Three things to take from this table:

balanced is competitive on its own. The default mode hits ~75% reduction without dropping any metadata — agents get full commit headers, file perms/dates, and complete test failure detail. Only 7pp behind RTK while making a different fidelity trade-off.
aggressive decisively wins on raw compression — 93.0%, beating RTK by 10.5pp. Pick this when you want maximum token savings and the agent will rarely re-read the dropped detail.
auto lets the model pick. Per-command LLM judgment landed at 77.9% overall — between balanced and aggressive. The interesting result is what it picked: balanced for git/test outputs (where commit bodies and failure detail matter), aggressive for ls -laR and find (where the question is "what's there?", not "show me everything"), conservative for tiny outputs where compression is pointless.

Aggressive mode covers a wider command surface than the table above hints — it also handles df (drops pseudo-filesystems), du (top-N by size), ps aux (PID/%CPU/%MEM/CMD only, drops kernel threads), npm ls (strips tree-drawing chars + deduped/extraneous markers), and grep/rg (groups by file, truncates long lines).

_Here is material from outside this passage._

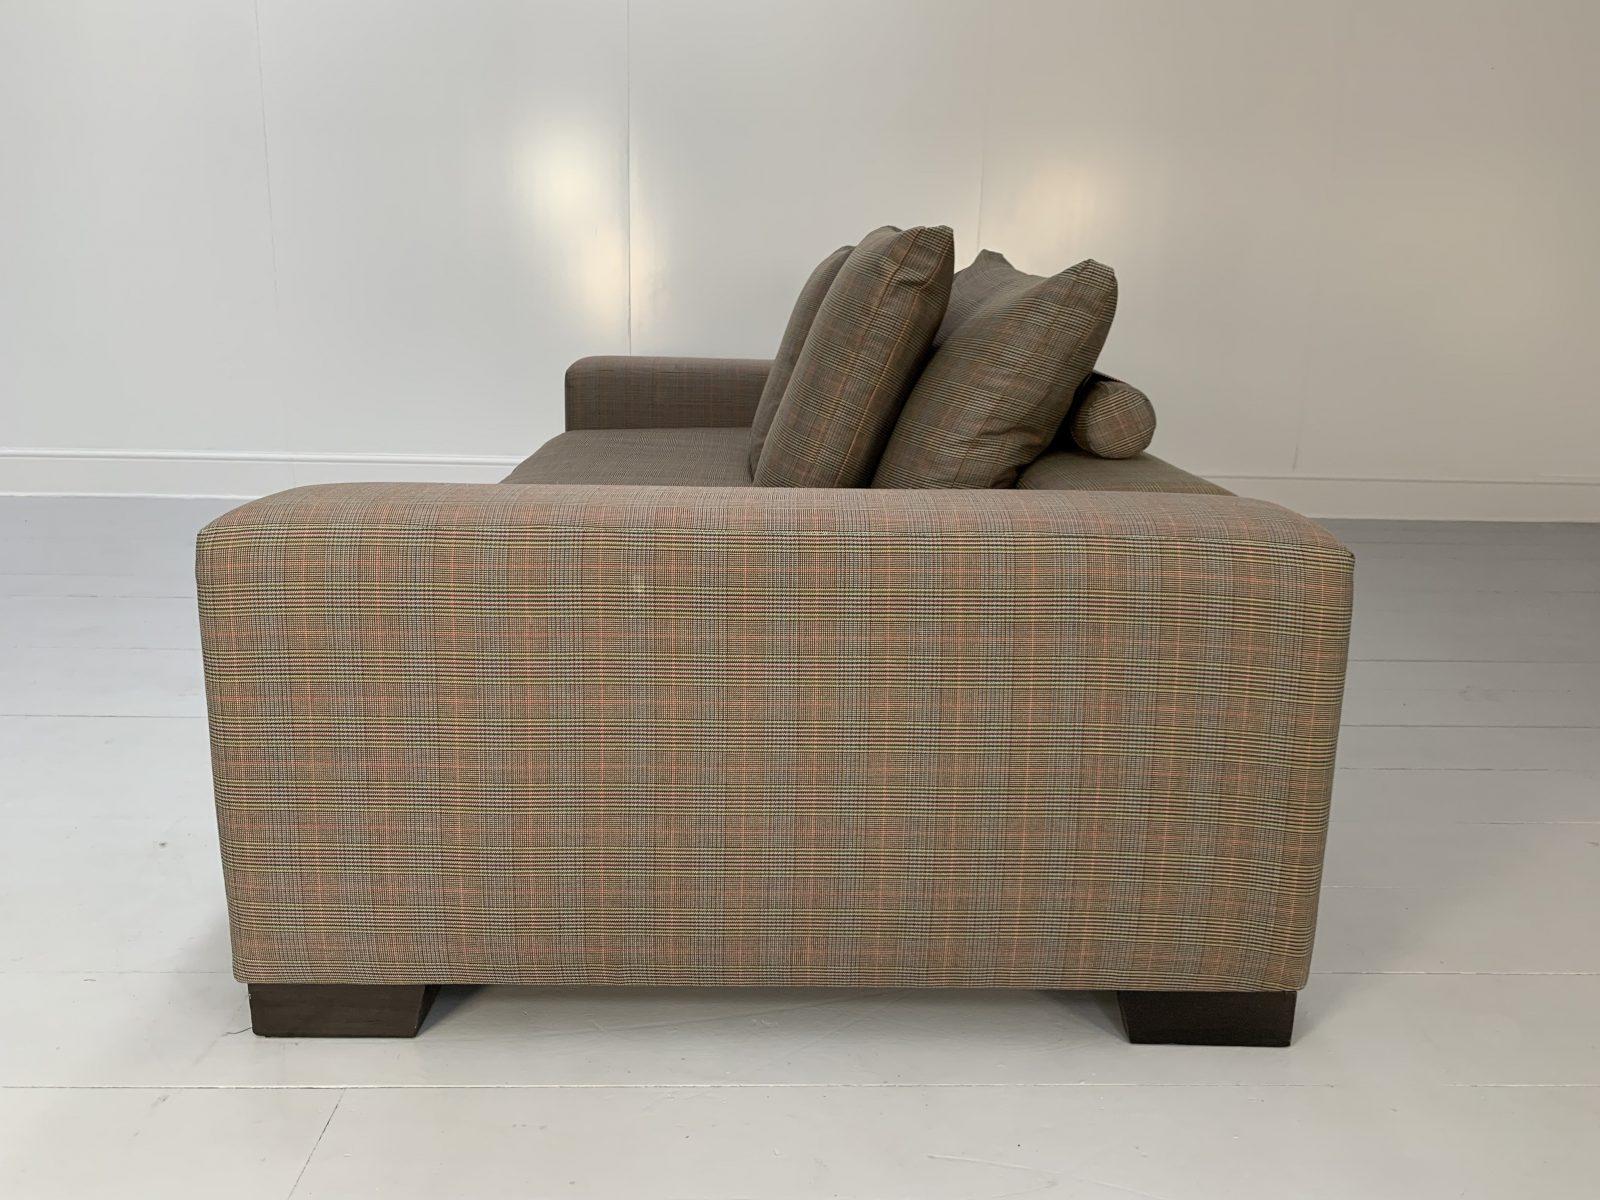 Contemporary George Smith “Square” 4-Seat Sofa – In Ralph Lauren “Glen Plaid” Check For Sale

What balanced now does (over conservative):

ls -l* drops total N, ./.. entries (universal noise) but keeps perms/dates
git log keeps headers + first 3 body lines per commit, replacing the rest with [+N lines omitted]
find / ls -R summarizes per-directory once output exceeds 20 entries
Generic dedup/progress/group runs at 5KB instead of 10KB

RTK has a single fixed compression strategy — comparable to context-compress aggressive. context-compress lets the agent choose: reach for aggressive when the question is "what changed", balanced when the question is "explain why".

Token Reduction

context-compress achieves 99.2% token reduction across a typical 12-operation coding session.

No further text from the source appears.